#### [BRIEF]
Only the pictures are dropped. Restate each line below word for word.

#### [DATA SEGMENT]

########################################

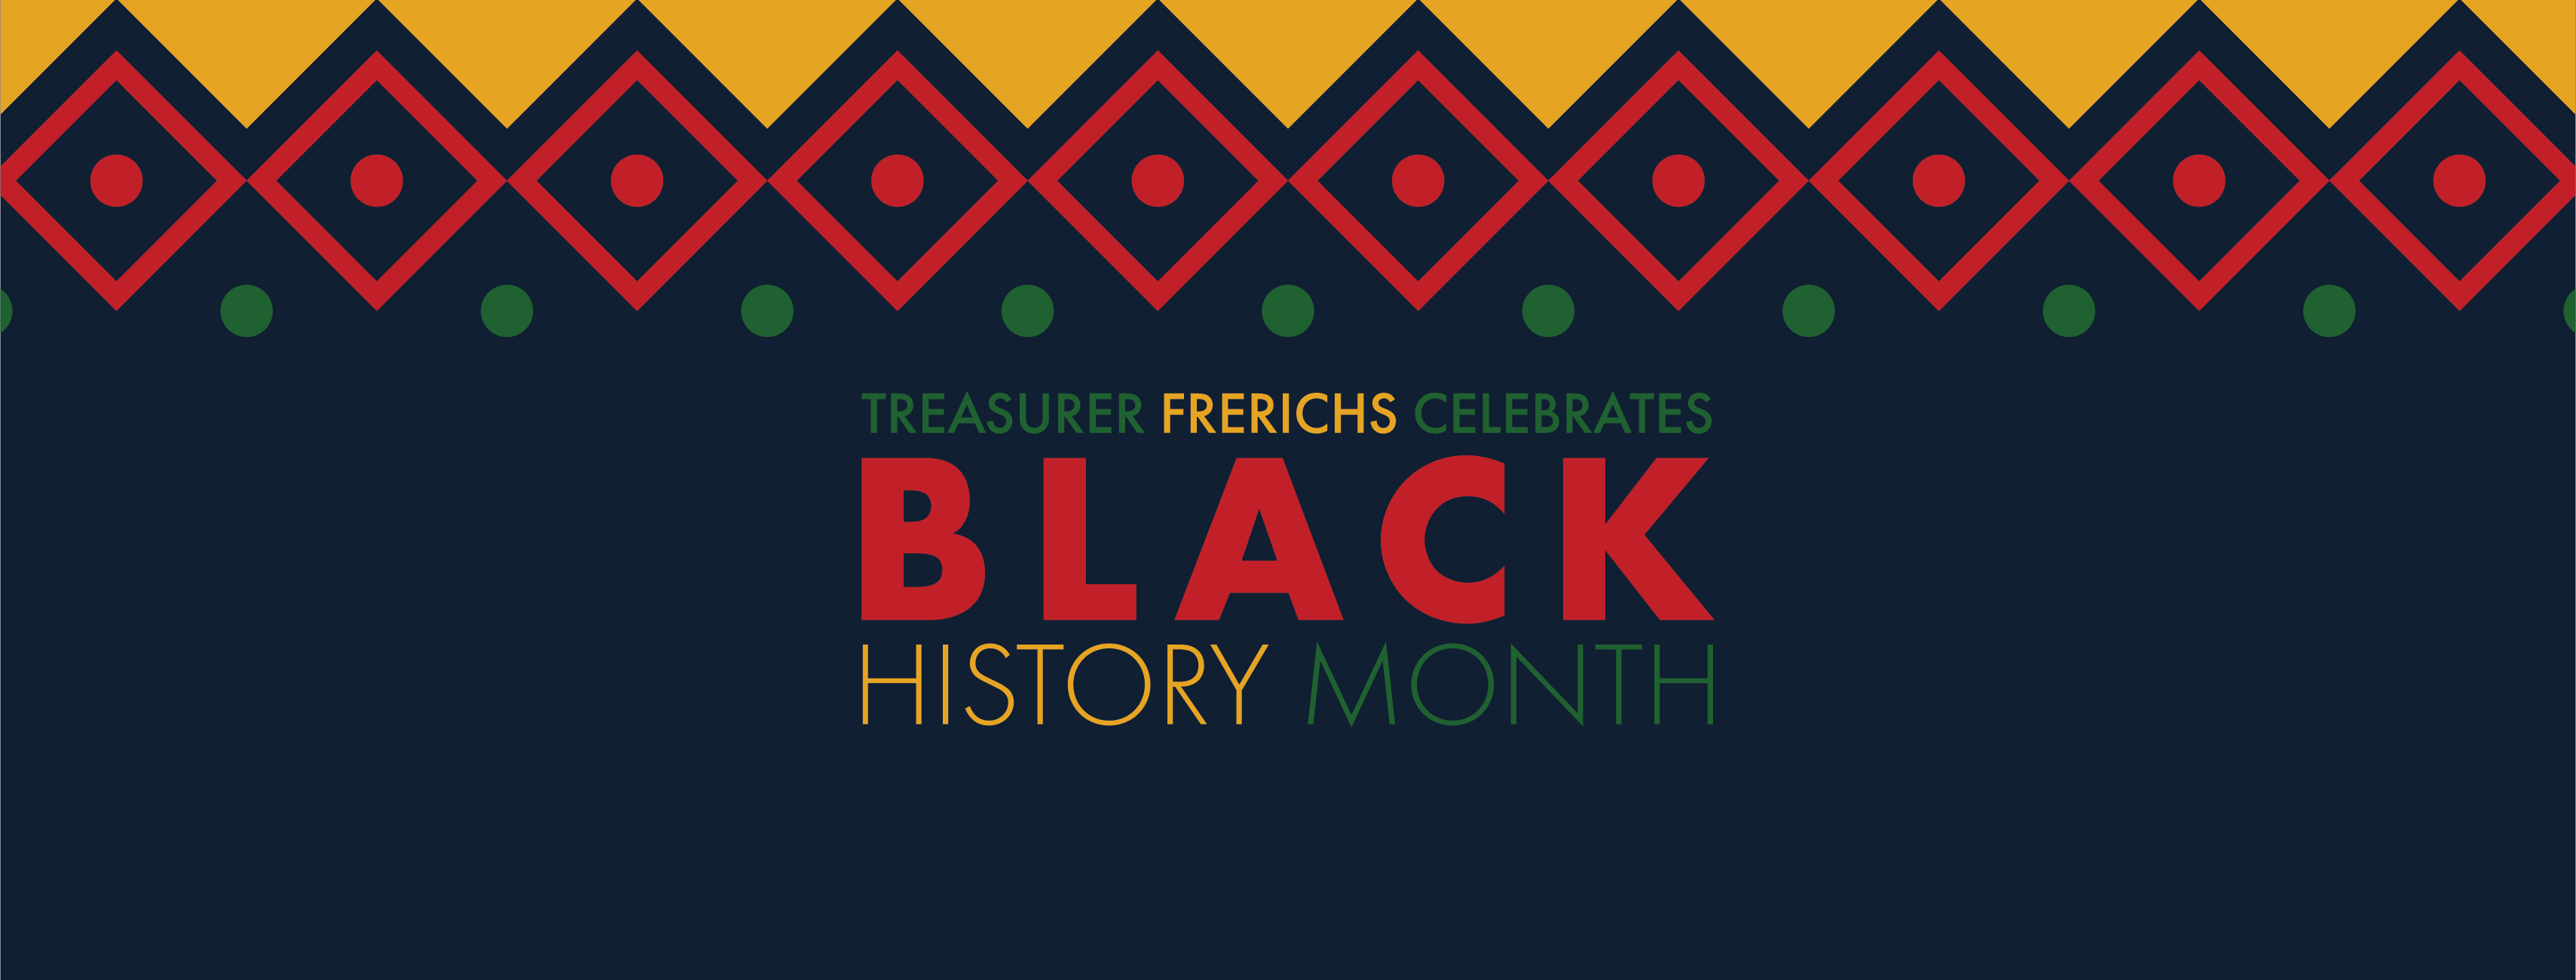 Treasurer Frerichs Celebrates Black History Month
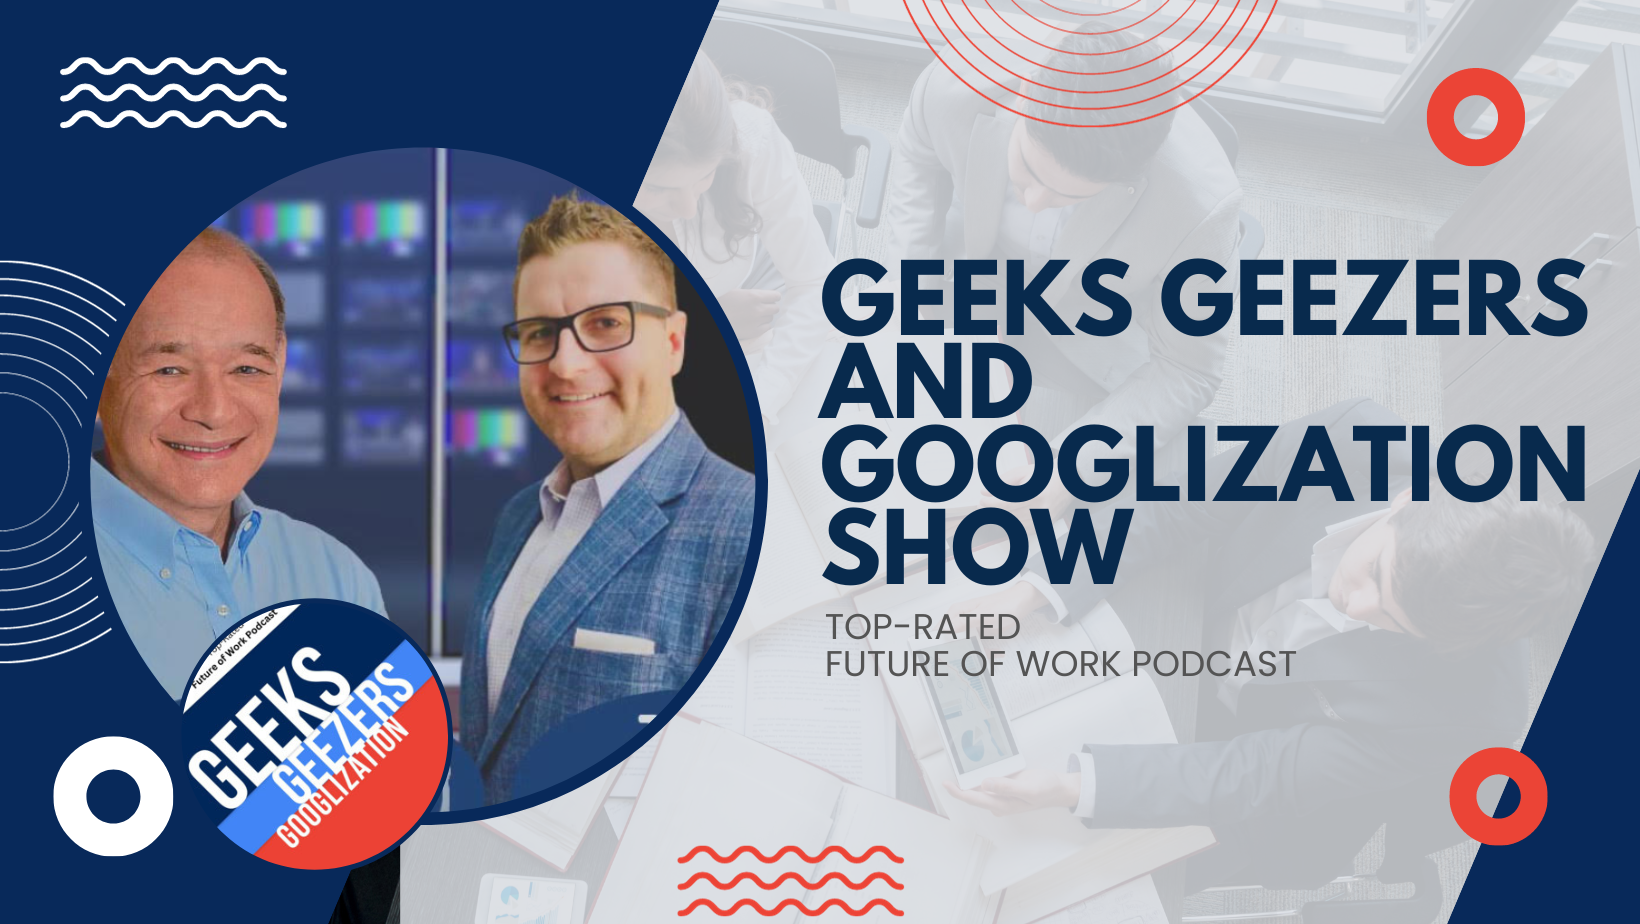 Geeks Geezers and Googlization Show – Listen Here
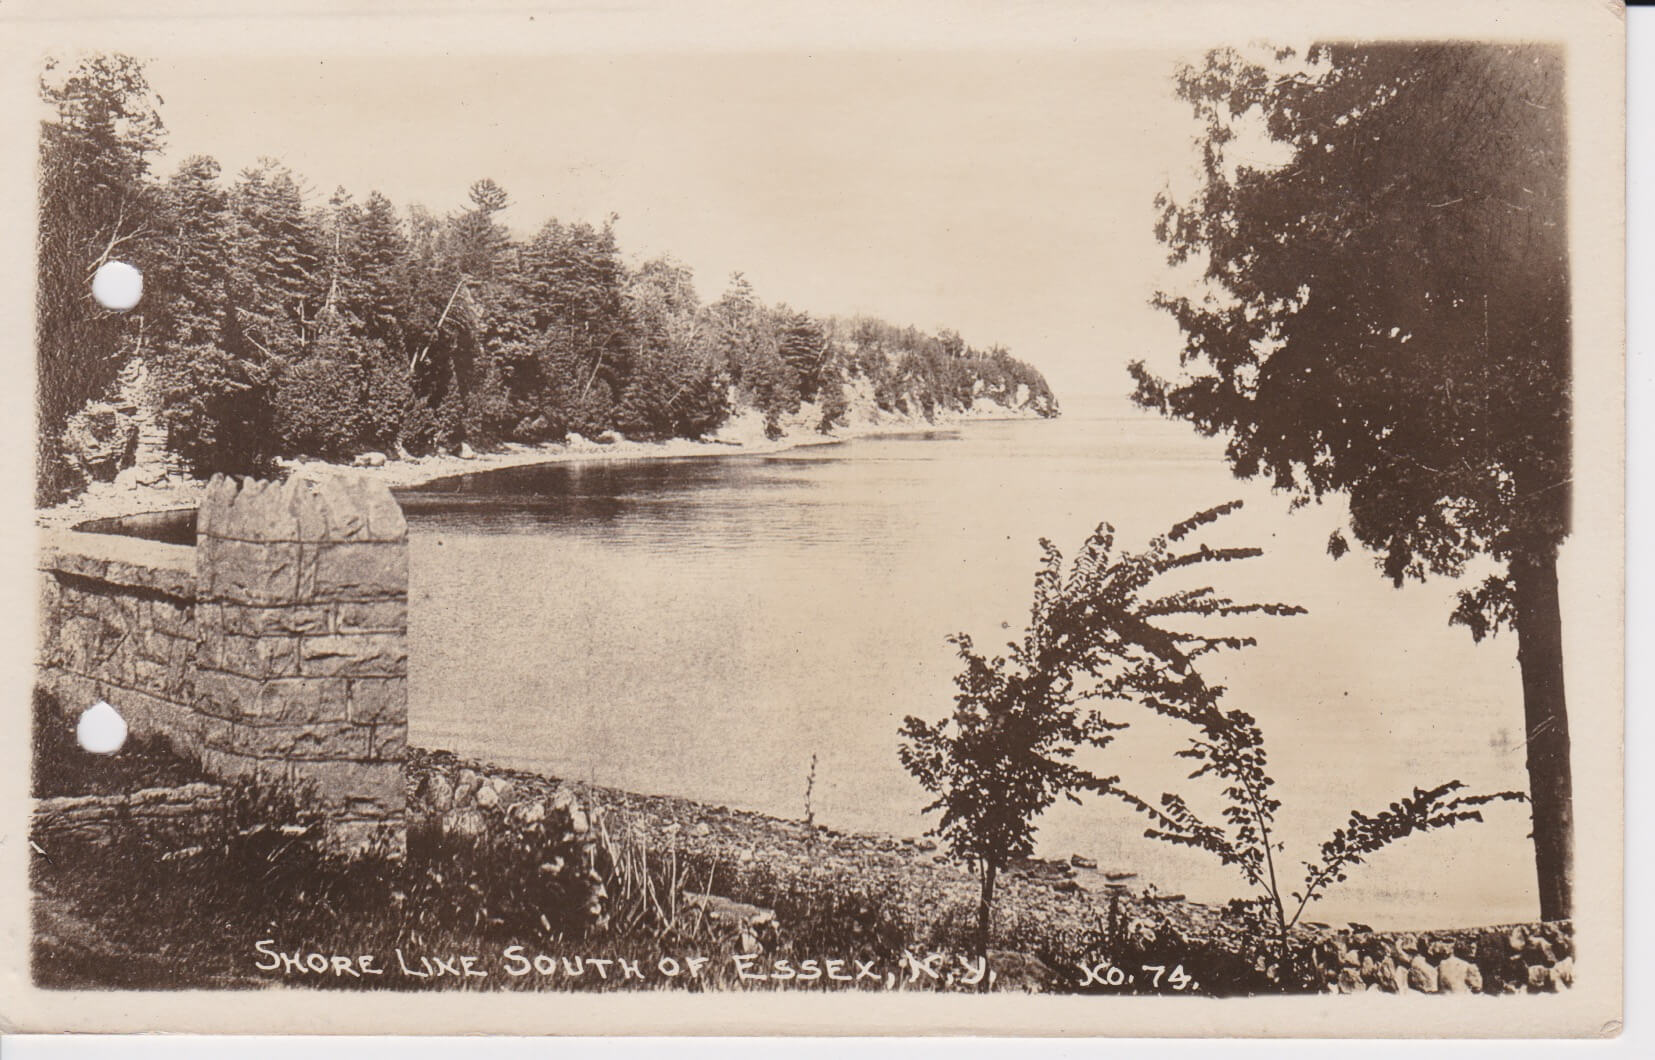 Vintage Postcard: "Shore Line South of Essex, NY."

########################################

#### [EXERCISE RESPONSE]
 Treasurer Frerichs Celebrates Black History Month
 Geeks Geezers and Googlization Show – Listen Here
 Vintage Postcard: "Shore Line South of Essex, NY."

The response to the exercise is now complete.